Pain medication and other forms of comfort care must still be given if
life support is not selected. Many documents say so, and most laws do too.
All too often, though, physicians and hospitals balk at giving morphine in
doses sufficient to relieve the severe pain that can beset a dying person.
They fear that they will be accused of hastening death or feeding an
addiction.
Living wills are often unavailable at the very time they are needed. They
are commonly placed in safe deposit boxes. They then become unavailable
during 128 hours out of 168 each week.
An oral statement by a patient can override a living will. This is as it
should be. But physicians and hospitals must be careful in deciding whether
the patient has truly changed his or her mind. This is the problem of
hearsay evidence and self-serving statements by a family member or even a
nurse. Unfortunately, the law has erected fewer safeguards for truth-telling
in the hospital than it has for the courtroom.
What to do? Use a health care power of attorney. It is a superior
document. The medical circumstances that give rise to decision-making at the
end of life are complex. Drafting a meaningful living will presents great
legal difficulty.
On the other hand, a health care power of attorney presents few problems.
It says that one person authorizes another to make all the medical decisions
that the first could have made if not incapacitated.
That is a very simple and powerful statement. It deals with situations
like giving or withholding antibiotics when a patient has a routine
infection while in the advanced stages of a progressive disease.

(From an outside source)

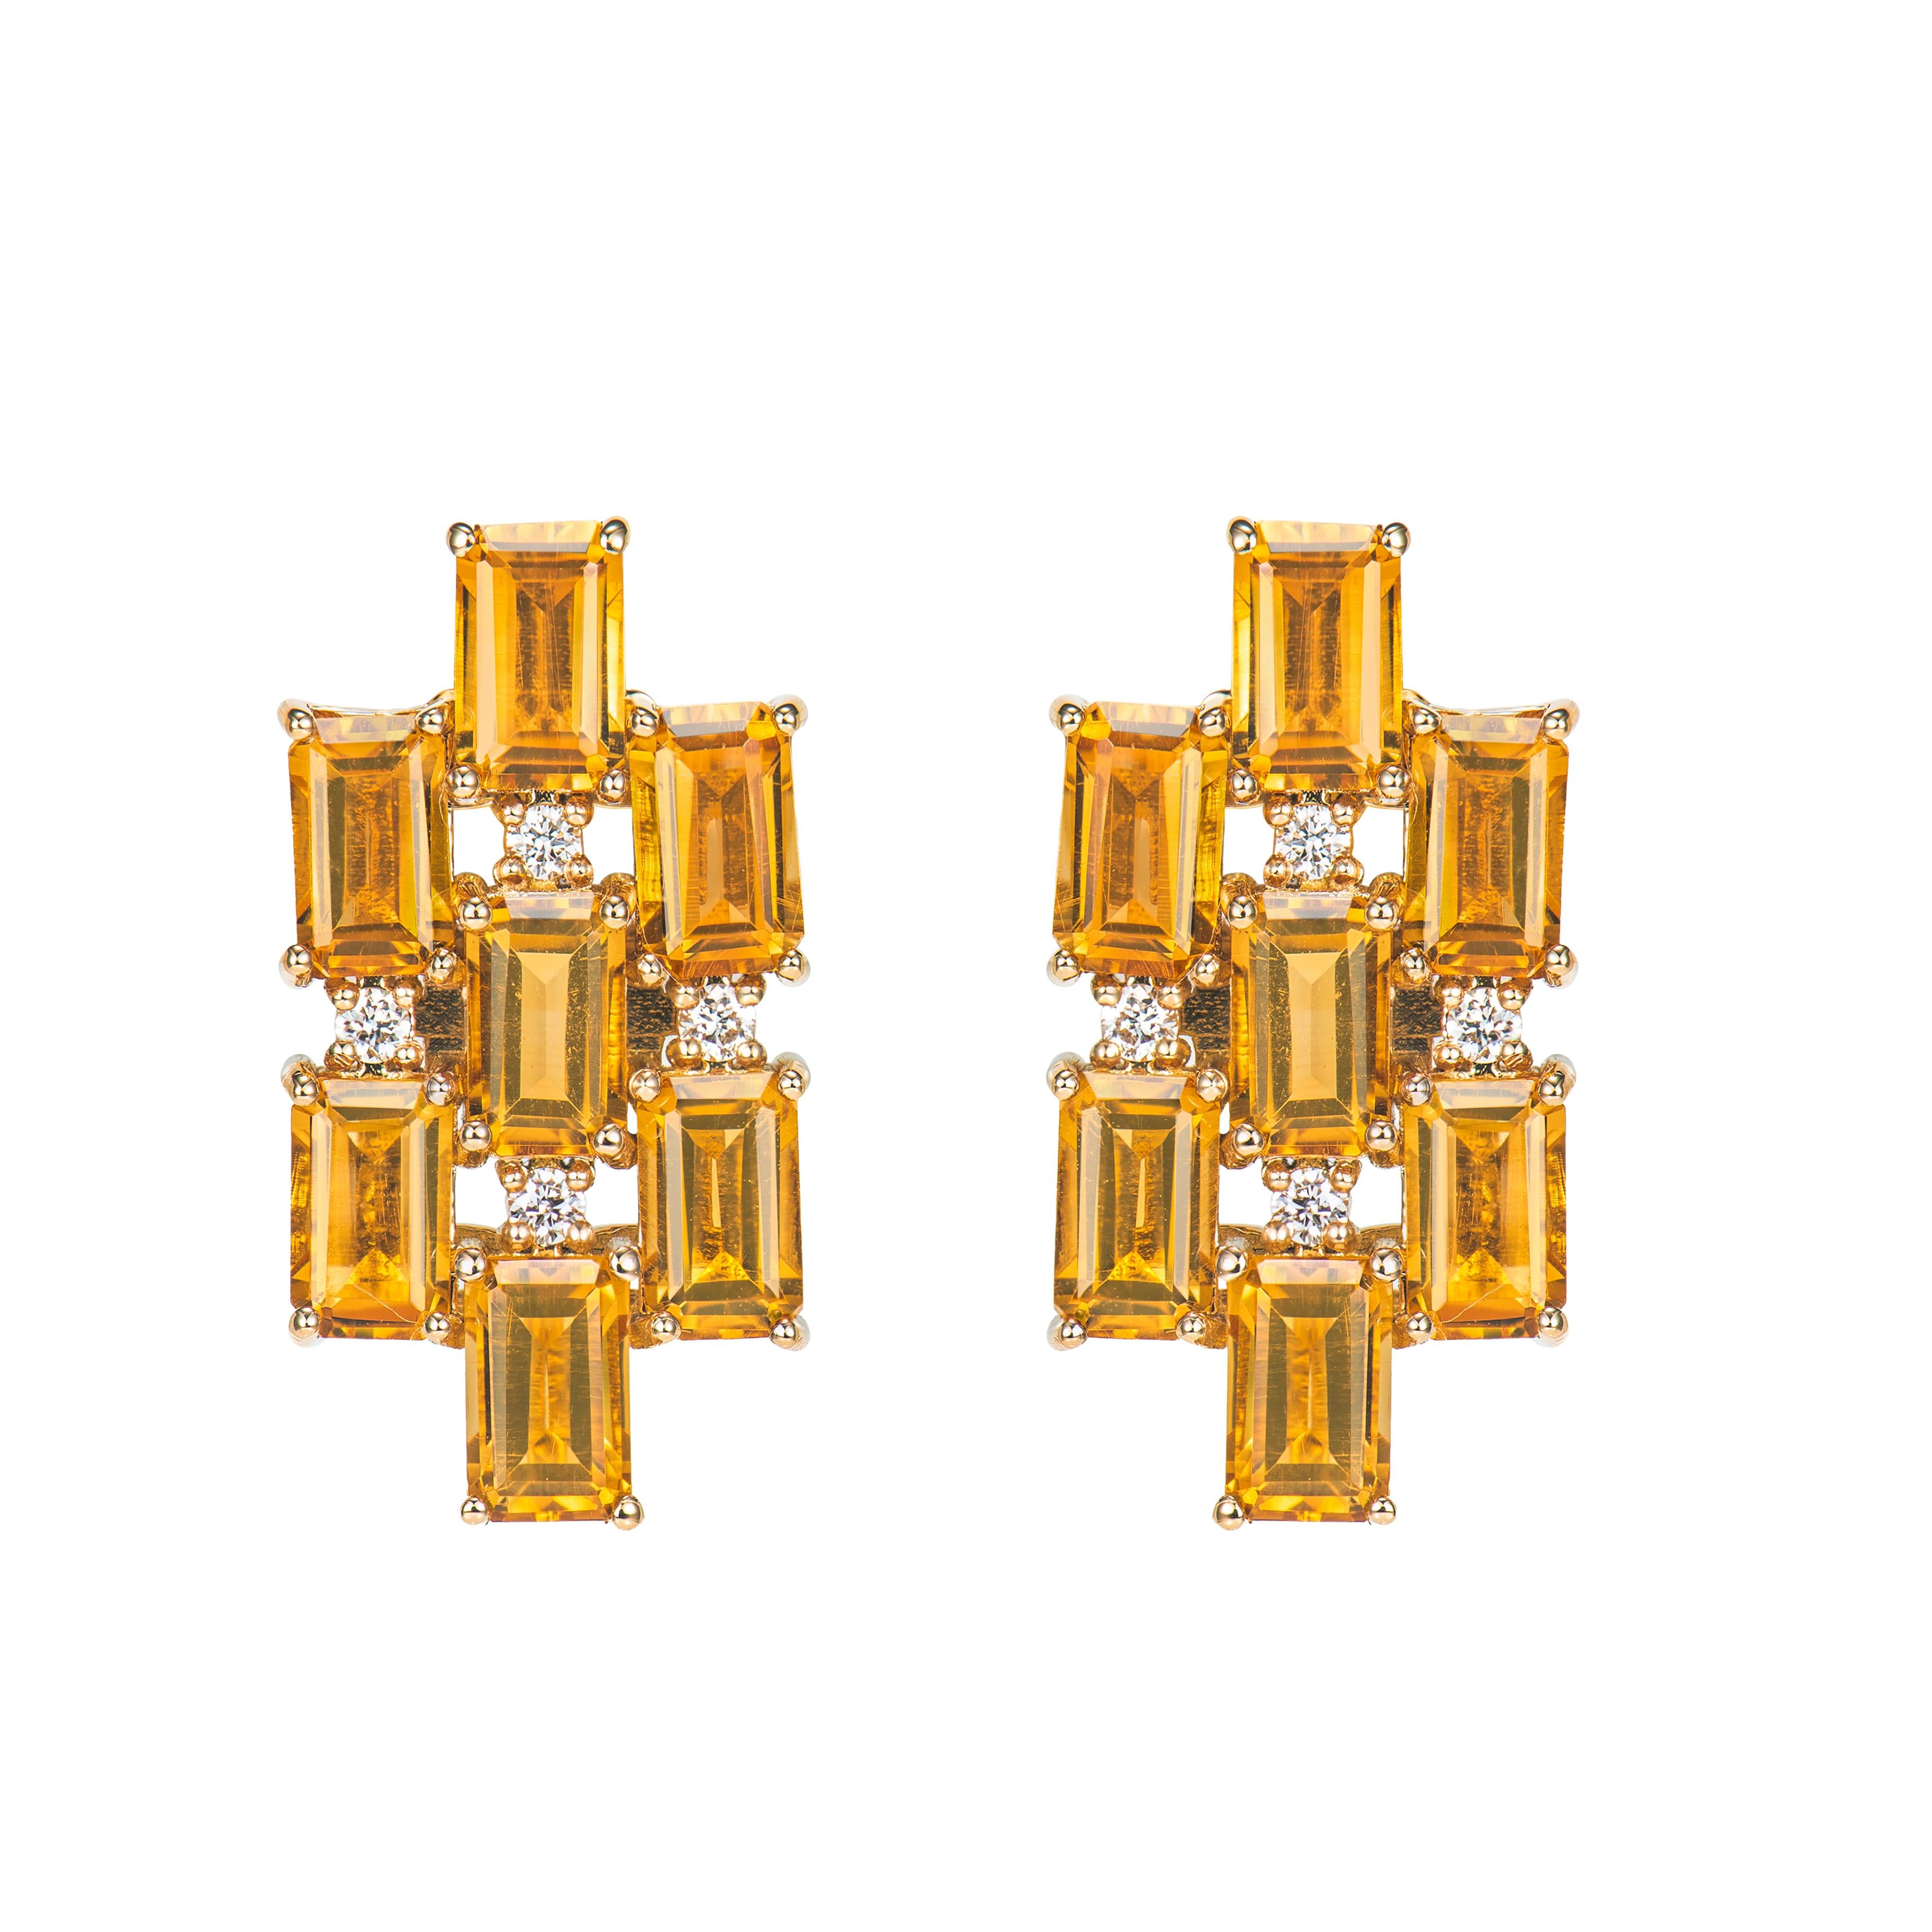 Contemporary 4.042 Carat Citrine Drop Earring in 18Karat Yellow Gold with White Diamond. For Sale

The health care power of attorney is fundamentally different from a
living will. The difference lies in who has the final decision about whether
to start or continue life-prolonging medical treatments when the patient is
not able to make decisions.
In the usual living will, the patient directs the attending physician to
stop treatments at a certain point. By contrast, in the typical health care
power of attorney, the patient gives a specific person — generally a family
member, not the doctor — the decision-making role.
Caution: One must still tell the decision-maker what kind of care is
desired. Studies show that spouses and children are often wrong when asked
what they think their loved ones want at the end of life and their answers
are then compared with those of the loved ones.
Finally, families and physicians sometimes think (mistakenly) that a
document signed in one state is not effective in another. The doctrine of
comity, state legislation and the Full Faith and Credit Clause of the U.S.
Constitution say otherwise.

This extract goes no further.